"Bir küçük yalnızlığım var, elimde. Ve o küçücük yalnızlığıma sığmayan bir acı... Paylaşmak ister misin? Çünkü bu kadarı çok fazla bana.
Bir küçük kalbim var, elimde. Ve kalbime sığmayacak kadar çok umudum... Al umudumu. Ama kırma olur mu? Çok değerli benim için."
Her zamanki gibi sigaram ağzımdaydı. Kül tablasına bıraktım.
"Çocuk gibi konuşmak yakışmıyor sana. Hayatında bir kere olsun gerçek bir şey söyle. Hayatın söylemek istediklerinin etrafında dolanarak geçti."
Sigaramı aldım. Bir nefes çektim. Kalktım yerimden. Böyle konuşmalarda zamanlama önemlidir. Doğru zamanda doğru hareketi yapmak, konuşmanın etkisini katlayabilir. Ve doğru hareket kalkmaktı.
"Kendine bile dürüst olamıyorsun. İki tane afili cümle kurmak seni yazar yapmaz. Ya hayatında bir kere olsun gerçek bir şeyler söyle ya da siktir olup gidelim."
Kafasını kaldırıp bana baktı.
"Çok fazla sözün yok değil mi elinde? Aynı cümleleri değiştirip değiştirip kullanıyorsun. Ve hayır ayağa kalkmak doğru hareket değildi. Ama bunu konuşmak için burada değiliz.
"Benim bir çocuk olduğumu unutuyorsun hep. Her yanlışında yanıma gelip bunları duymak istiyorsun. Hala buralarda bir yerde olduğumu bilmek istiyorsun. Yaptığın şeylerin önemli olmadığına, hala derinde bir yerlerde masum olduğuna inanmak istiyorsun. Ve benim görevim de seni buna inandırmak. Çünkü hayata tutunmak için başka bir yolun yok. Gerçek olmadığını biliyorsun. Gerçek olmadığımı biliyorsun aslında. Ne kadar uğraşırsan uğraş unutamıyorsun. Beni öldürdüğün günü unutamıyorsun. Masumiyetini kaybettiğin o ilk seferini unutamıyorsun. Çizginin diğer tarafına, ilk defa geçtiğin o günü de unutamıyorsun.

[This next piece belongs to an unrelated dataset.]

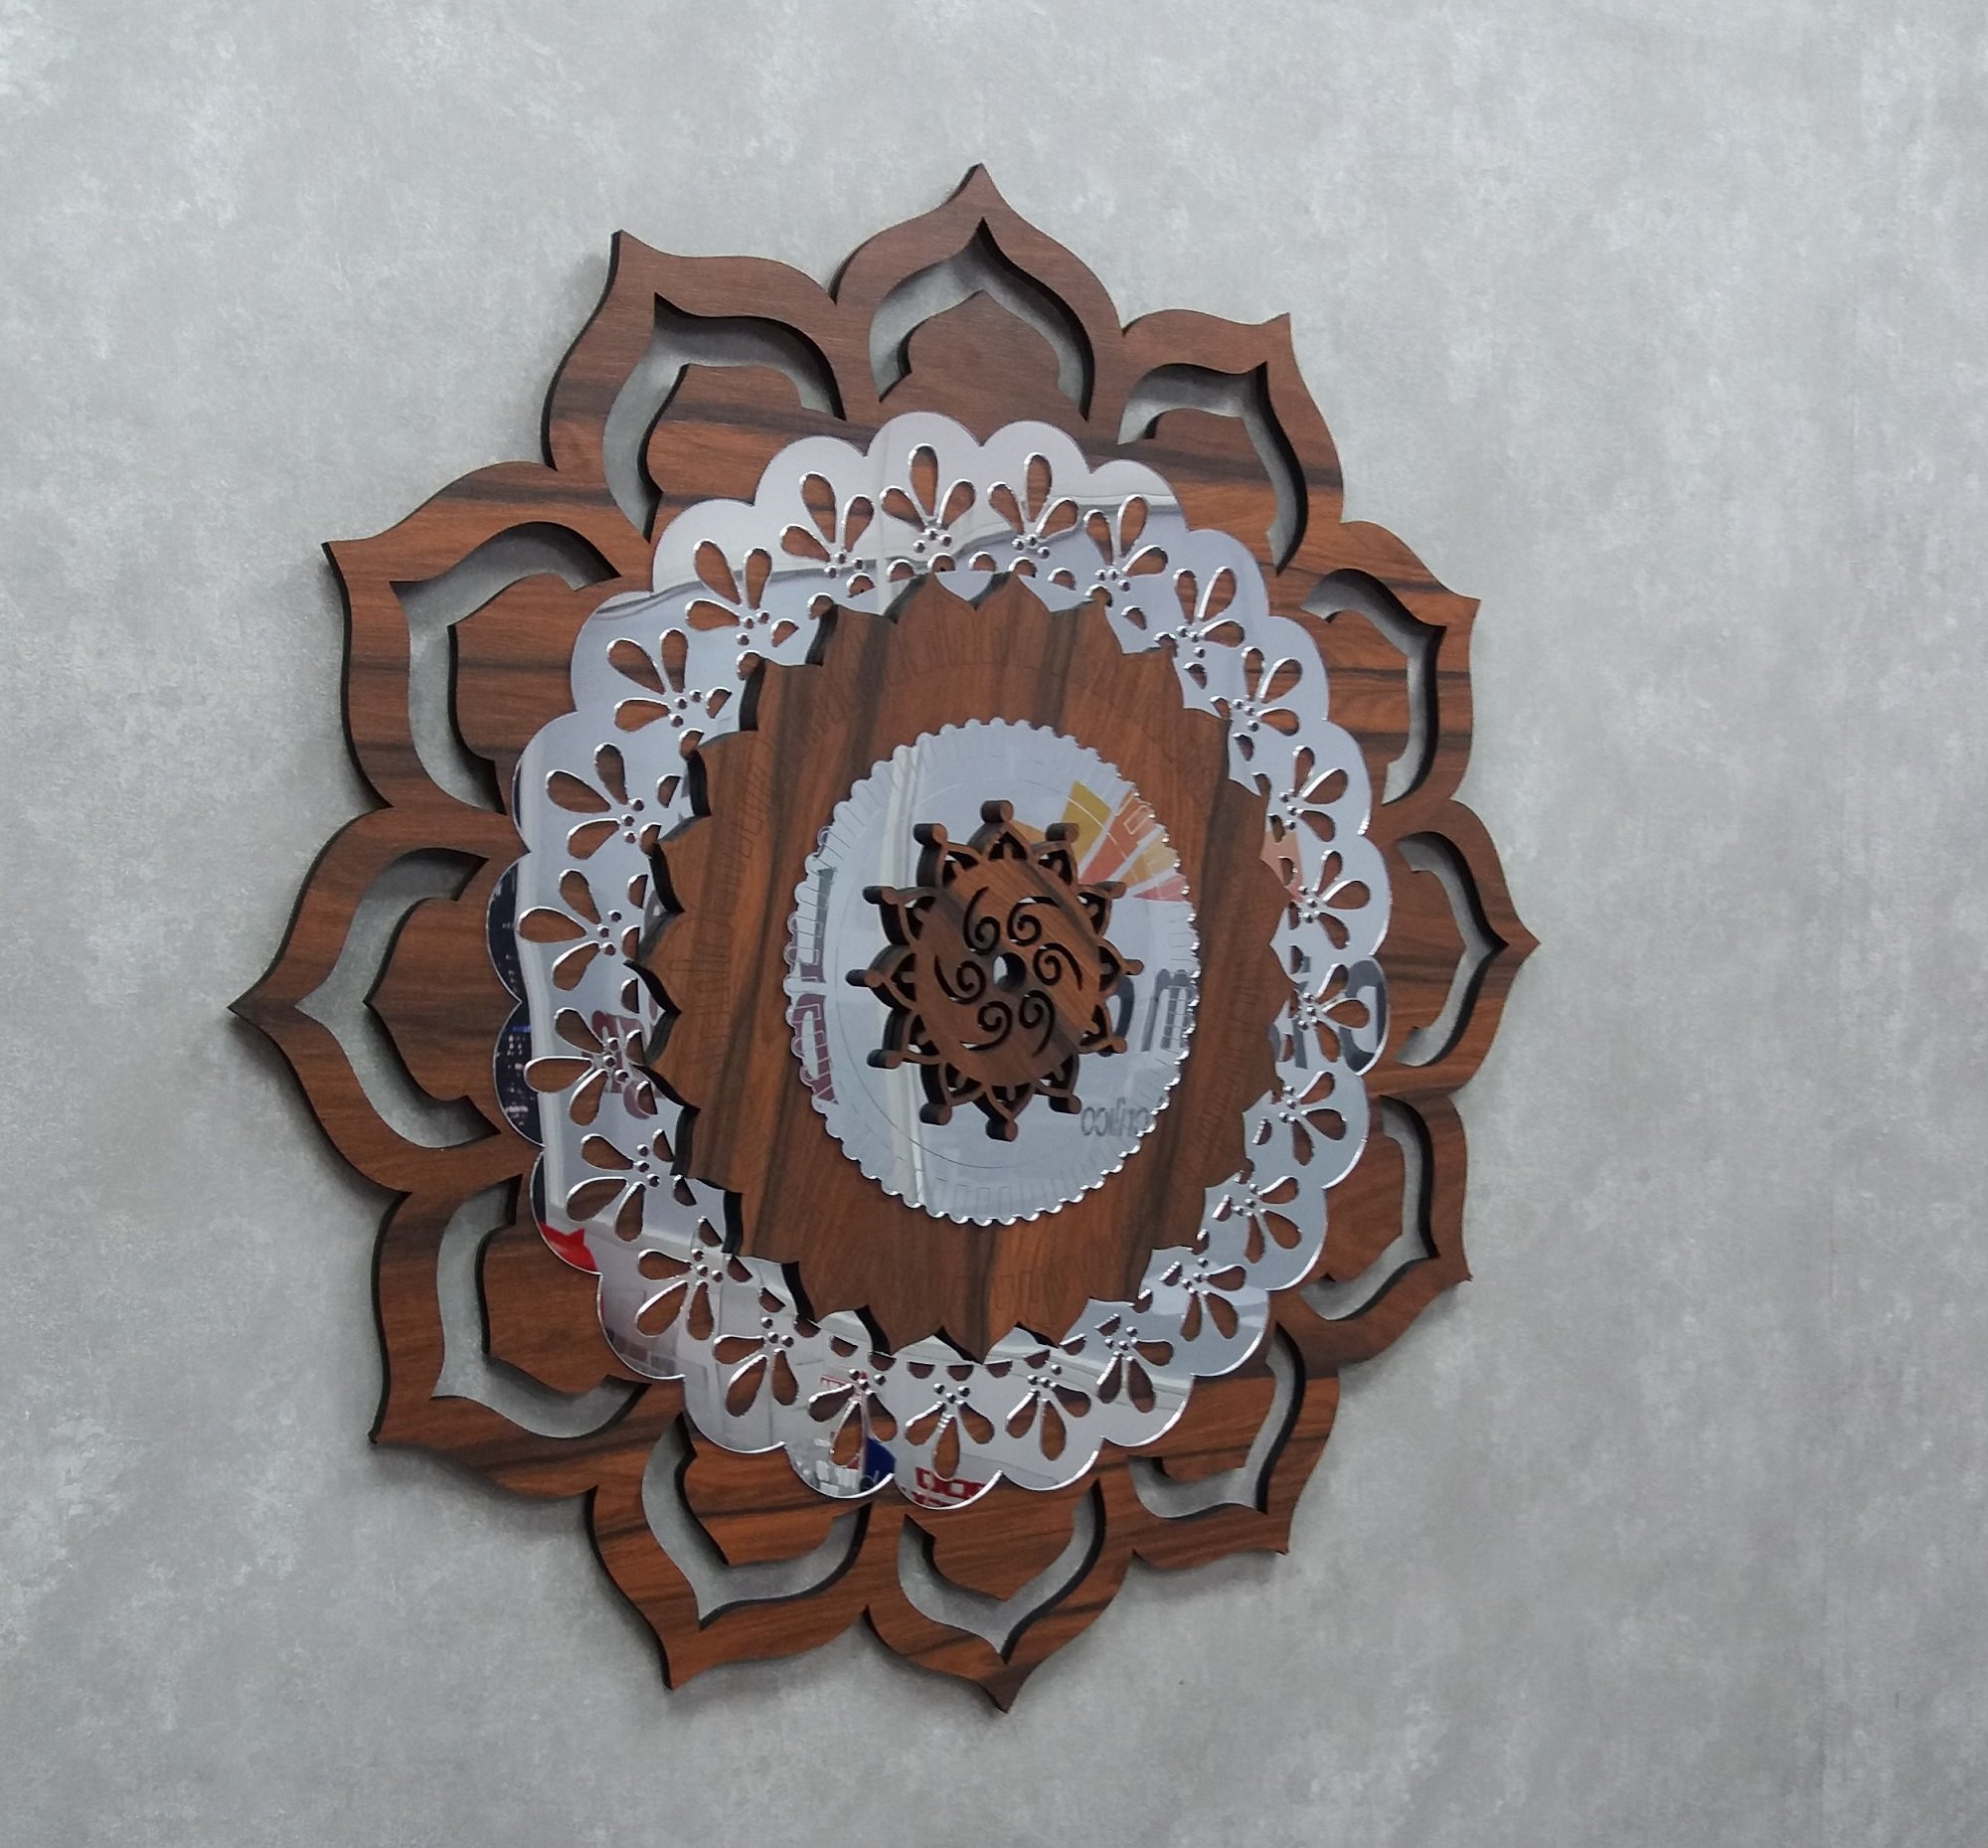 Quadro Mandala Decorativa em Madeira 65 cm 38108:Marrom - 4

"Bu yüzden buradayım. Bu yüzden sigarayı yıllar önce bıraktığın halde hala her seferinde kendini sigarayla hayal ediyorsun. Aslında bu yüzden değil. Sadece daha pesimist bir hava katıyor ama konumuz bu değil.
"On yıl sonra bile hala her şeyi hatırlıyorsun. Bütün ayrıntılarıyla hem de."

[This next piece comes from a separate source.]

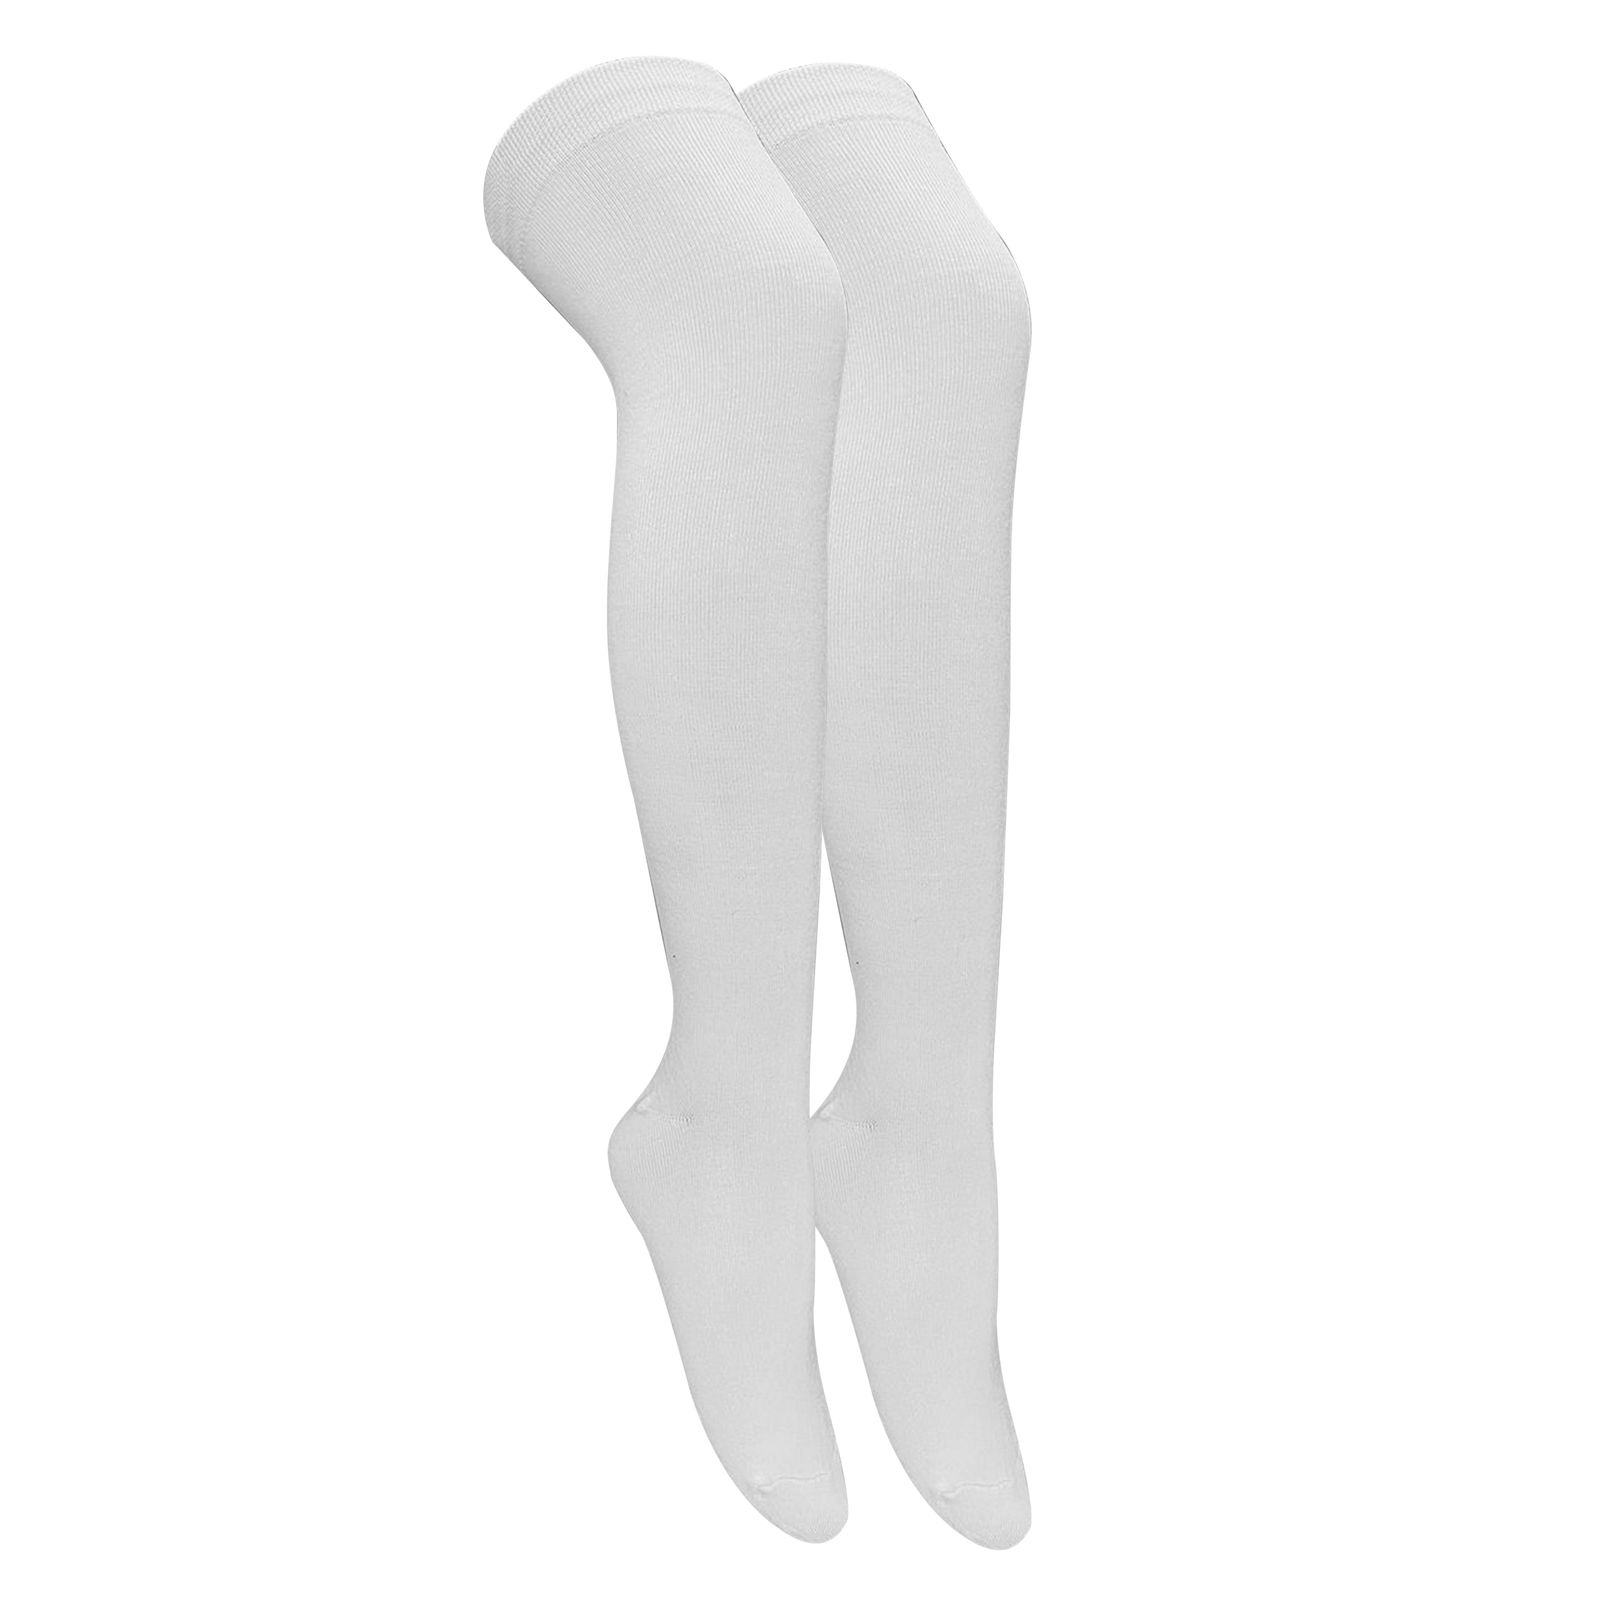 جوراب ساق بلند زنانه تن پوش هنگامه مدل بالا زانو ساده کد W-011 -  - 1

Neredeyse bitmiş olan sigaramı söndürüp, oturdum tekrar.
"Hava atmak için kullandığım hafızam hayatımdaki en büyük lanetim belki de. Artık hayata tutunmak için bir sebebim var mı onu bile bilmiyorum. Ya da tutunmalı mıyım? Bilemiyorum.
"Sözünü ettiğin umuttan biraz veremezsin sanırım."
"Veremem. Biliyorsun."
"Biliyorum. Düşürüp kırardım zaten muhtemelen."
"Hayır, 'muhtemelen' fazla oldu. Sen de biliyorsun bunu."